(Extracted records)
#####
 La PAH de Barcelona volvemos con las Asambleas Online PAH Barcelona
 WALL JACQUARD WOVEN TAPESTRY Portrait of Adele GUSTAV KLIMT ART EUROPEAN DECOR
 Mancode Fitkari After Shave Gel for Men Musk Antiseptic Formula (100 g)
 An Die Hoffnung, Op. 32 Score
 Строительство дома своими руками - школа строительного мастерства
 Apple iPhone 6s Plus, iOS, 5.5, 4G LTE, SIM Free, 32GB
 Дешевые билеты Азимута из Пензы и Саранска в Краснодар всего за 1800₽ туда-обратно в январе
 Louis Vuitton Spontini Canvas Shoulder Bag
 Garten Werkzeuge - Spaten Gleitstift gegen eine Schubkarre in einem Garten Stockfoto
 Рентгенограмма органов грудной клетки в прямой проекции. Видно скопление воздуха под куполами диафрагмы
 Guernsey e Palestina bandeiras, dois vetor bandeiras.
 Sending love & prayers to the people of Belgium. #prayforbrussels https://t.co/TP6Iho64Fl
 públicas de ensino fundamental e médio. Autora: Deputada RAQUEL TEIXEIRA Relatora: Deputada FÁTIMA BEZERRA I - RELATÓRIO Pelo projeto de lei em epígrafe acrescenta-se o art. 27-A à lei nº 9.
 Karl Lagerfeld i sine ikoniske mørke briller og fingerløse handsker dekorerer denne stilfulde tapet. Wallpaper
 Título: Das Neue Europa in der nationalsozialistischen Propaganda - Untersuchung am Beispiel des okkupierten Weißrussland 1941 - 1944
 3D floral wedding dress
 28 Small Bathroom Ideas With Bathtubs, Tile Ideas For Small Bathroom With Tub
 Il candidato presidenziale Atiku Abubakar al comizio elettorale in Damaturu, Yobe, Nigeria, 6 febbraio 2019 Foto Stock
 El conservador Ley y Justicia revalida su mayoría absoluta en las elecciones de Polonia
#####
▶ [Exercise aim]: Write out a verbatim copy of the data, beginning with its first line and ending with the line that contains "Guernsey e Palestina".

▶ [Task response]:
 La PAH de Barcelona volvemos con las Asambleas Online PAH Barcelona
 WALL JACQUARD WOVEN TAPESTRY Portrait of Adele GUSTAV KLIMT ART EUROPEAN DECOR
 Mancode Fitkari After Shave Gel for Men Musk Antiseptic Formula (100 g)
 An Die Hoffnung, Op. 32 Score
 Строительство дома своими руками - школа строительного мастерства
 Apple iPhone 6s Plus, iOS, 5.5, 4G LTE, SIM Free, 32GB
 Дешевые билеты Азимута из Пензы и Саранска в Краснодар всего за 1800₽ туда-обратно в январе
 Louis Vuitton Spontini Canvas Shoulder Bag
 Garten Werkzeuge - Spaten Gleitstift gegen eine Schubkarre in einem Garten Stockfoto
 Рентгенограмма органов грудной клетки в прямой проекции. Видно скопление воздуха под куполами диафрагмы
 Guernsey e Palestina bandeiras, dois vetor bandeiras.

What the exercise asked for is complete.